Leveraging multiple imaging modalities to improve breast cancer detection, diagnosis, and management.
By Karl Baum
Breast cancer is the most common malignant disease in women, and the second leading cause of cancer death among American women today [1]. The primary tool for detection and diagnosis of breast cancer is x-ray mammography, but it is hoped that additional information provided by Positron Emission Tomography (PET) and Magnetic Resonance Imaging (MRI) will provide a means to determine if a suspected lesion, seen in mammography, is malignant or not. The procedure may prevent a large number of retrospectively unnecessary breast biopsies, a surgical procedure, which can result in pain, bruising, and scaring, that is presently used to evaluate suspected breast lesions.
Figure 1: Positron Emission Tomography image of breast.
PET (Fig. 1) provides information on the metabolic activity of the tissue. Malignant lesions that are generally more active then the surrounding tissue are often distinguishable in these images by their higher intensity. PET however, lacks the structural information that can be invaluable when identifying the location or context for the lesion, such as for planning biopsies or radiation treatment. This structural information can be provided by MRI (Fig. 2).
Figure 2: Magnetic Resonance image (MRI) of breast.
In order to maximize the benefit of acquiring both PET and MRI the images need to be registered (brought into spatial alignment), and fused (combined into a single image for inspection by the radiologist). Registration of PET and MRI breast images is difficult since the breast is composed of soft, highly deformable tissue, without any internal salient structures. Finite element procedures using ANSYS Academic Products provided a means to achieve this task.
Fiducial skin markers (FSMs) visible in PET and MRI (taped to predetermined locations on the skin of the breast prior to data acquisition) and identical patient positioning during PET and MRI scans (to ensure similar stress conditions) are applied during data acquisition. A finite element model of the breast is constructed from the high resolution MRI image (Fig. 3). Displacements between corresponding FSMs are used to calculate the displacement for each node in the meshed breast. This displacement field is estimated by first distributing the observed FSM displacement vectors linearly over the breast surface and then distributing throughout the volume. This process has been implemented using the ANSYS software heat transfer module. An analogy between displacement and the temperature in steady state heat transfer in solids is used to find a dense displacement field from the observed displacements (loads) at the FSMs.

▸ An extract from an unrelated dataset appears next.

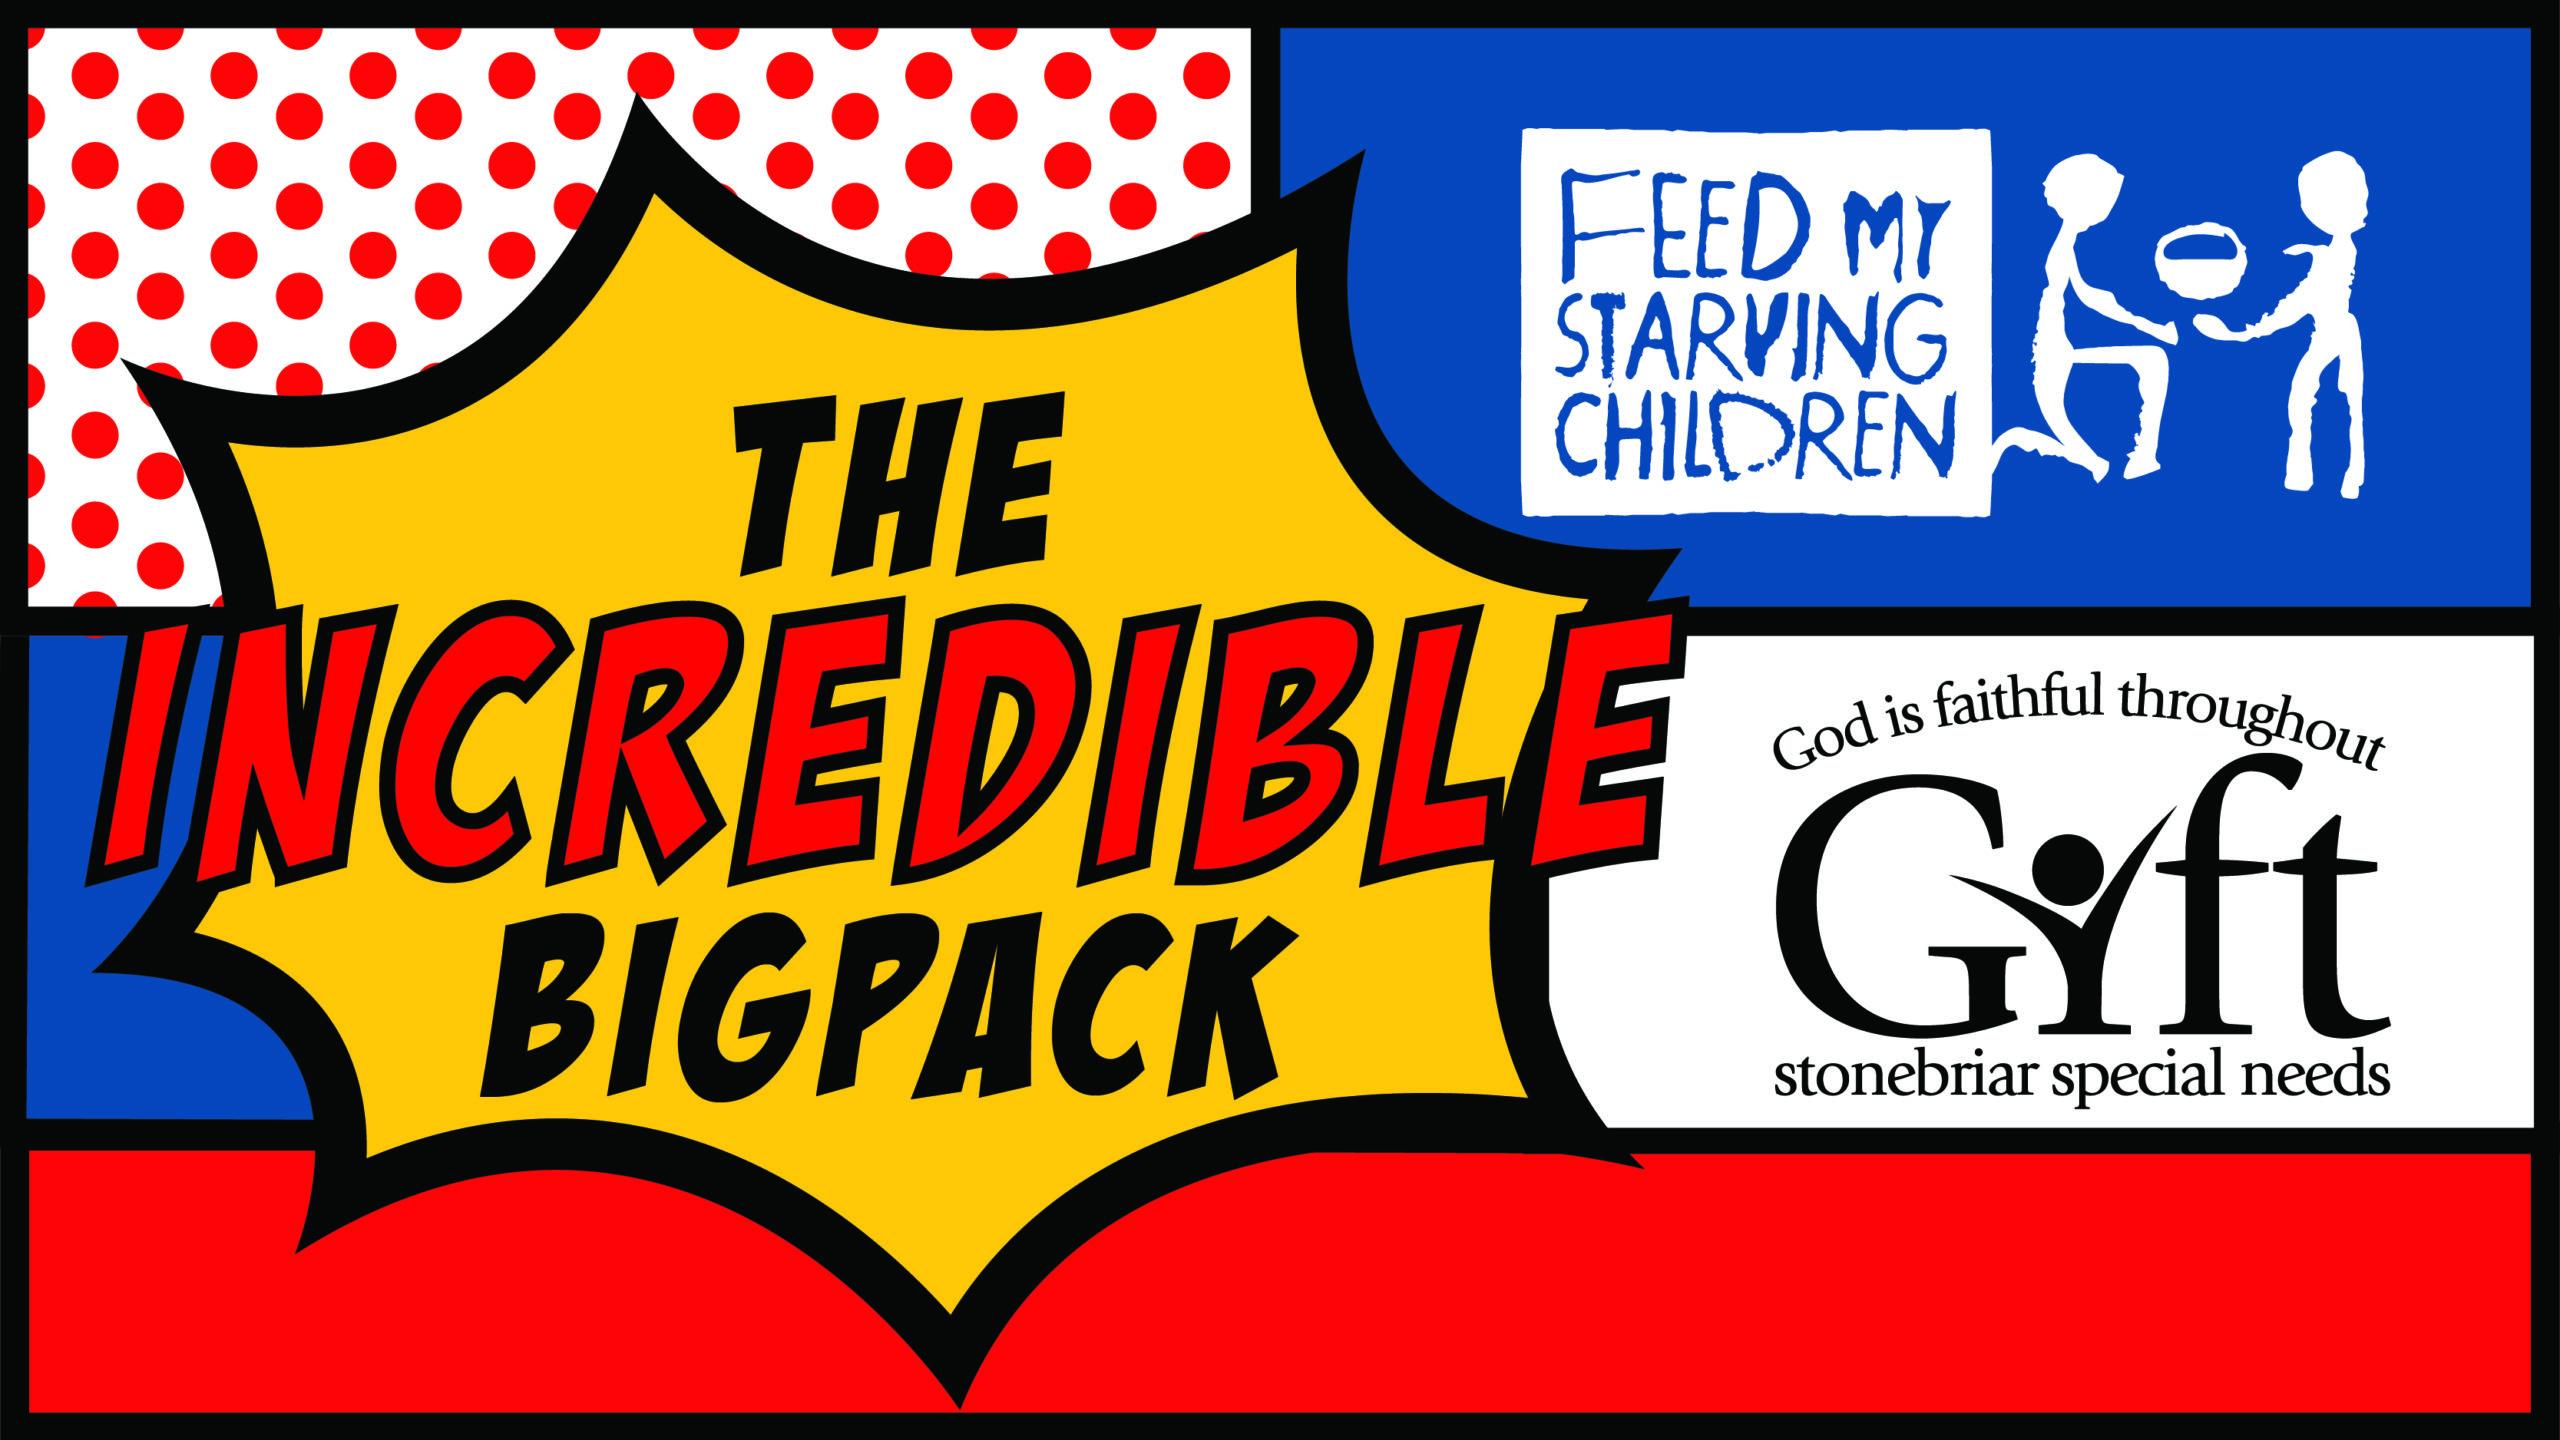 The Incredible Bigpack

Figure 3: Finite element model of the breast constructed from the high resolution MRI image.
If Computed Tomography (CT) data is available and coregistered with the PET image, such as from a PET/CT scanner, an additional refinement process can be performed. A large number of corresponding surface points can be identified in the MRI and CT images. The displacements at these points can be used to deform the mesh a second time, reducing the small registration errors that still exist in regions away from the FSMs.
Using the resulting displacement field the MRI image can be warped to the PET image (Fig. 4). The region of activity in the PET image clearly correlates better with the glandular tissue region visible in the MRI image after FEM registration, as compared to rigid registration only. More information about this registration process can be found in [2-5]. Current work focuses on determining the optimal way to present the registered images to the radiologist [5].

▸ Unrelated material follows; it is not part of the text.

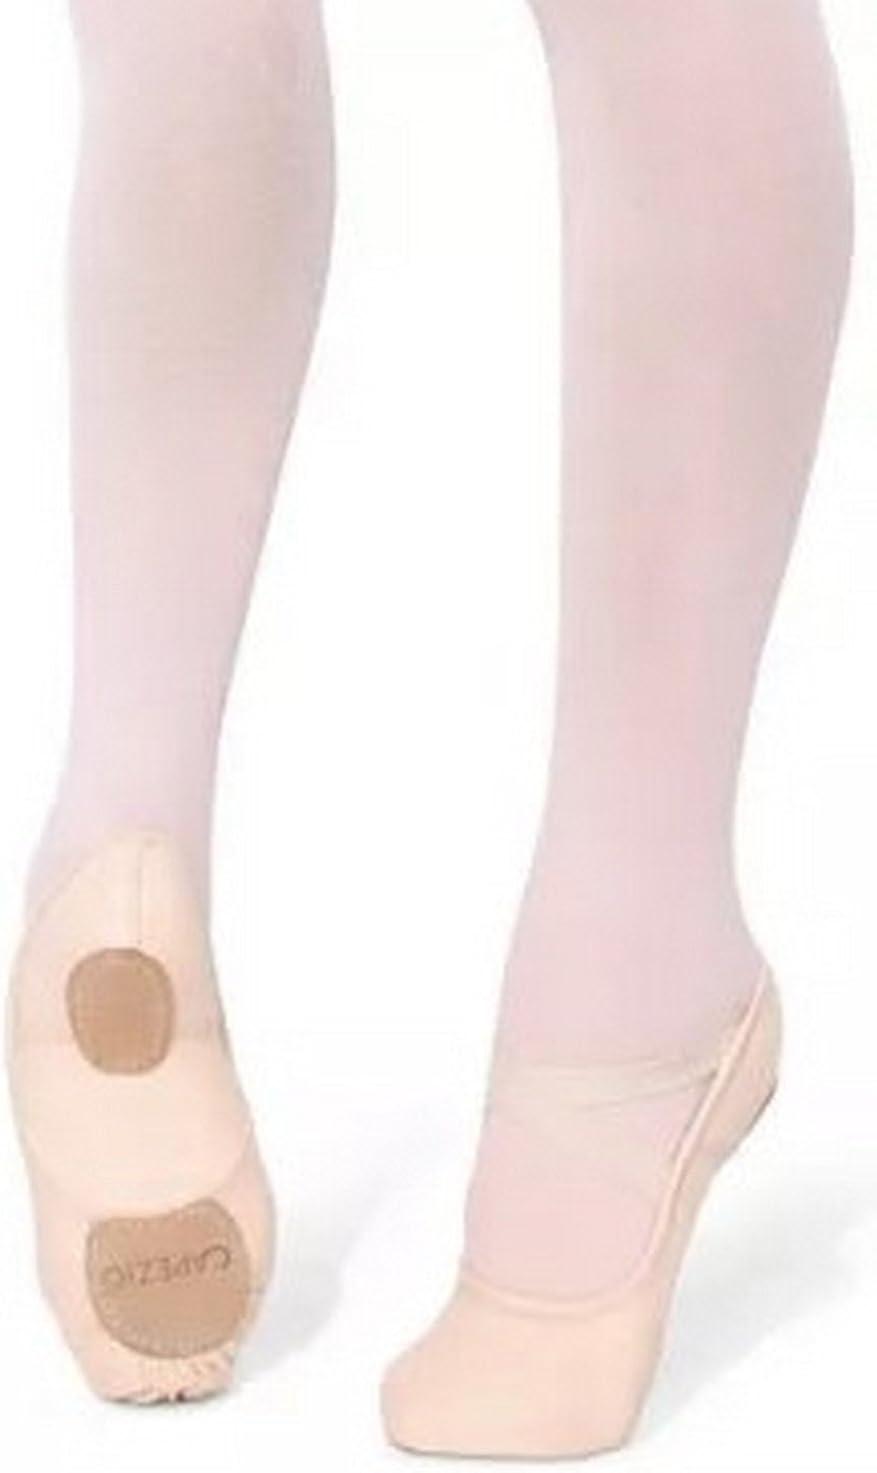 Capezio Womens Hanami Ballet Shoe Ranking TOP9 -10 New popularity -LIGHT 2037W PINK

Figure 4: Registered PET/MRI images. After rigid registration (left column), after FEM registration (right column). PET image is shown in yellow overlaid on grayscale MRI image. Coronal view is shown in top row and axial in bottom.
References:
[1] American Cancer Society, “Cancer Facts and Figures 2007,” available at http://www.cancer.org/downloads/STT/CAFF2007PWSecured.pdf, accessed 19 September 2007.
[2] Krol, A., Unlu, M. Z., Baum, K. G., Mandel, J. A., Lee, W., Coman, I. L., Lipson, E. D., Feiglin, D. H., “MRI/PET Nonrigid Breast-Image Registration Using Skin Fiducial Markers,” Physica Medica European Journal of Medical Physics, Vol. XXI, Supplement 1, pp. 31-35, 2006.
[3] Krol, A., Unlu, M. Z., Magri, A., Lipson, E., Coman, I. L., Mandel, J. A., Baum, K. G., Feiglin, D. H., “Iterative Finite Element Deformable Model For Nonrigid Coregistration of Multimodal Breast Images,” Biomedical Imaging: Macro to Nano, IEEE International Symposium, pp. 852-855, 2006.
[4] Krol, A., Coman, I. L., Mandel, J. A., Baum, K. G., Luo, M., Feiglin, D. H., Lipson, E. D., Beaumont, J., "Inter-Modality Non-Rigid Breast Image Registration Using Finite-Element Method,” Nuclear Science Symposium Conference Record, IEEE, Vol. 3, pp. 1958-1961, 2003.
[5] Baum, K. G., "Multimodal Breast Imaging: Registration, Visualization, and Image Synthesis," PhD Dissertation, Rochester Institute of Technology, Chester F. Carlson Center for Imaging Science, 2008.